START Records to use

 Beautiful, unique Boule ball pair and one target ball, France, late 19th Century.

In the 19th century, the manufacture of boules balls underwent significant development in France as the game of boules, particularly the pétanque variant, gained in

END Records to use
START Records to use

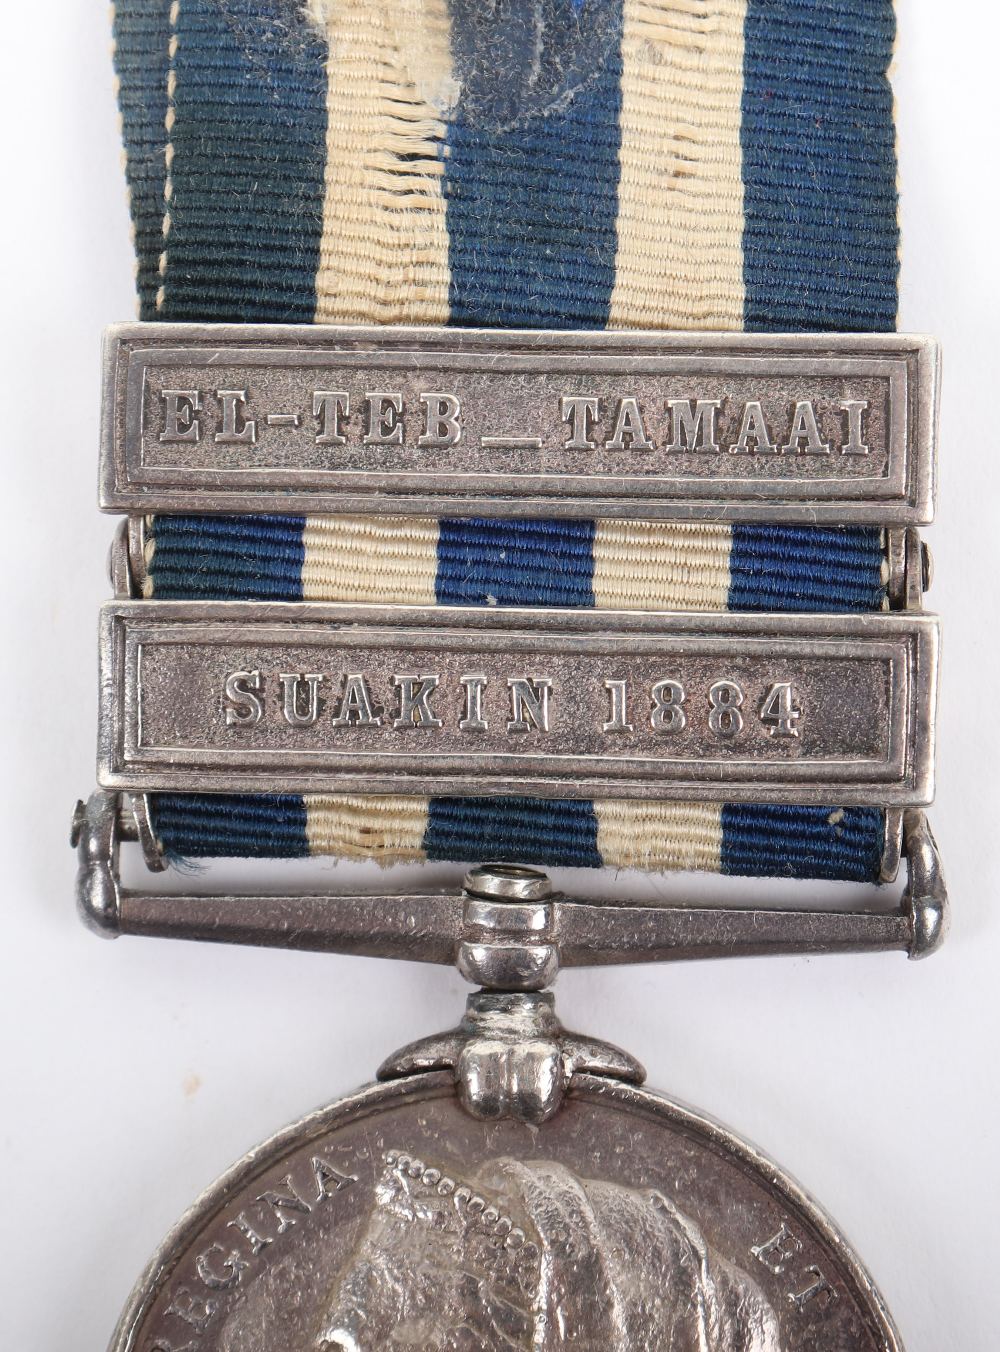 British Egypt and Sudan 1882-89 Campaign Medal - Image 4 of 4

END Records to use
START Records to use

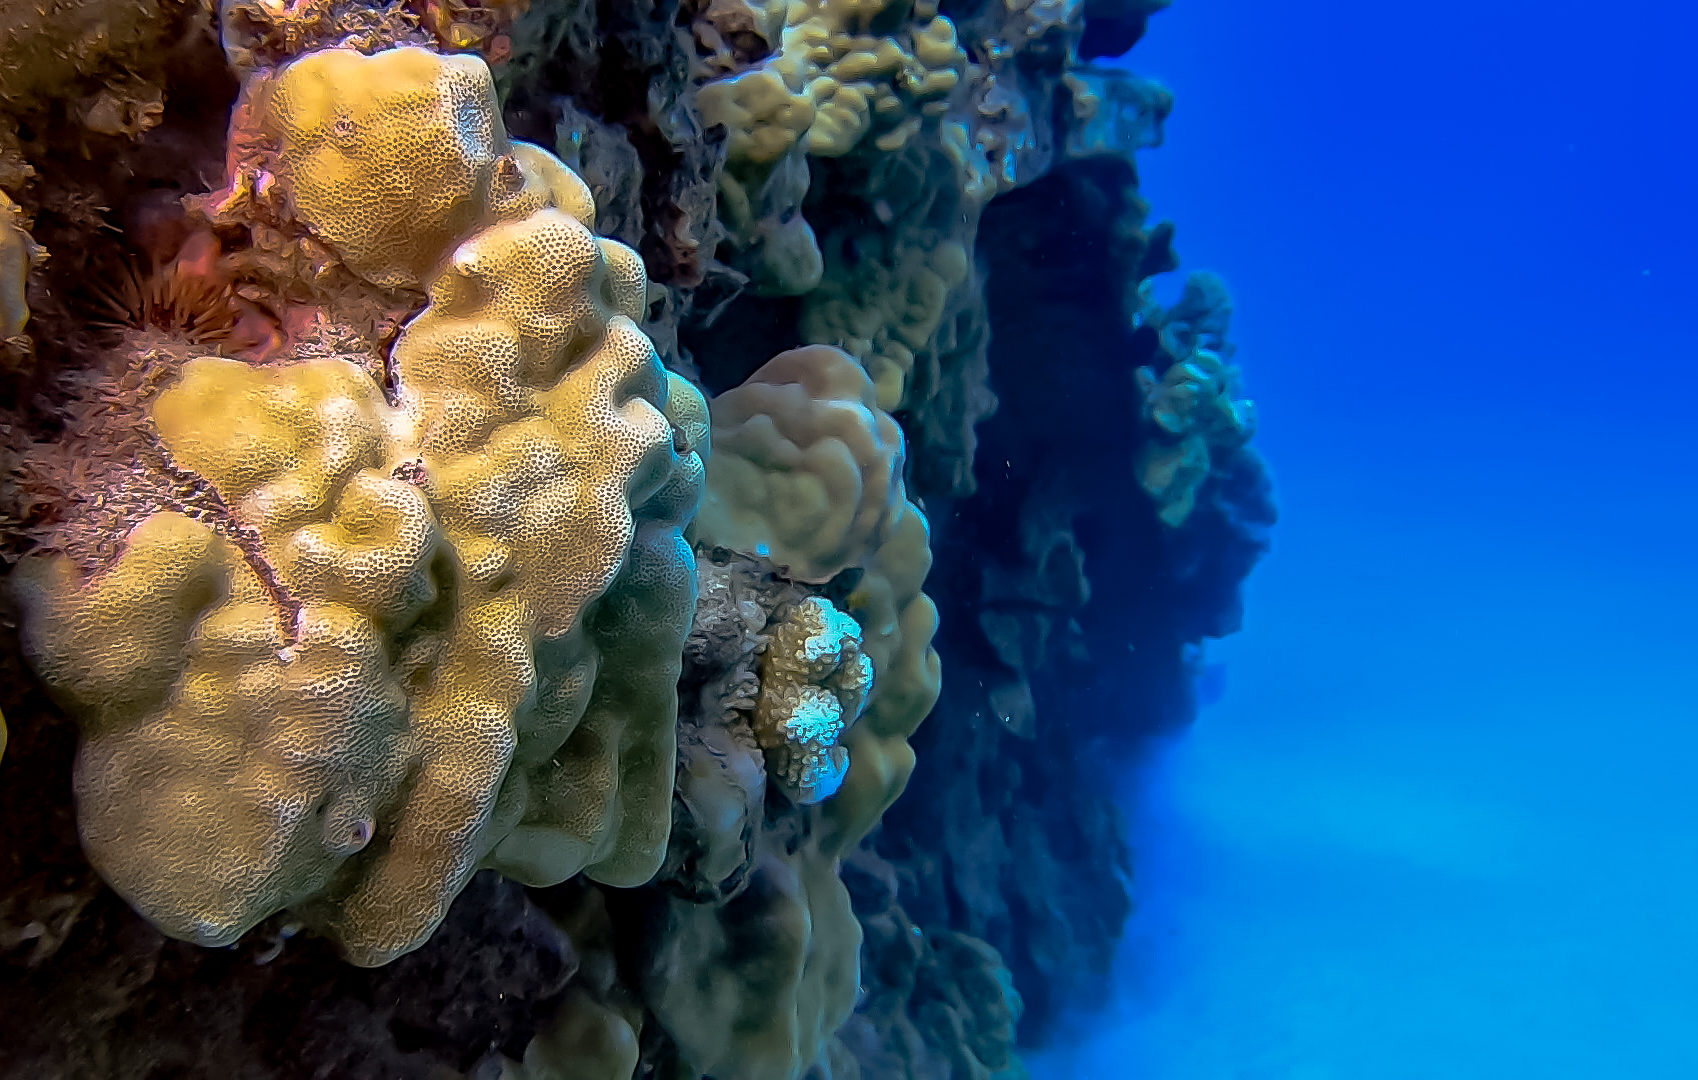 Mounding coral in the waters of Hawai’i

END Records to use

## Problem to solve
Considering only the material above, set down every line from the one with "Beautiful, unique Boule" to the one with "In the 19th", inclusive, exactly as written.

## Solved problem
 Beautiful, unique Boule ball pair and one target ball, France, late 19th Century.

In the 19th century, the manufacture of boules balls underwent significant development in France as the game of boules, particularly the pétanque variant, gained in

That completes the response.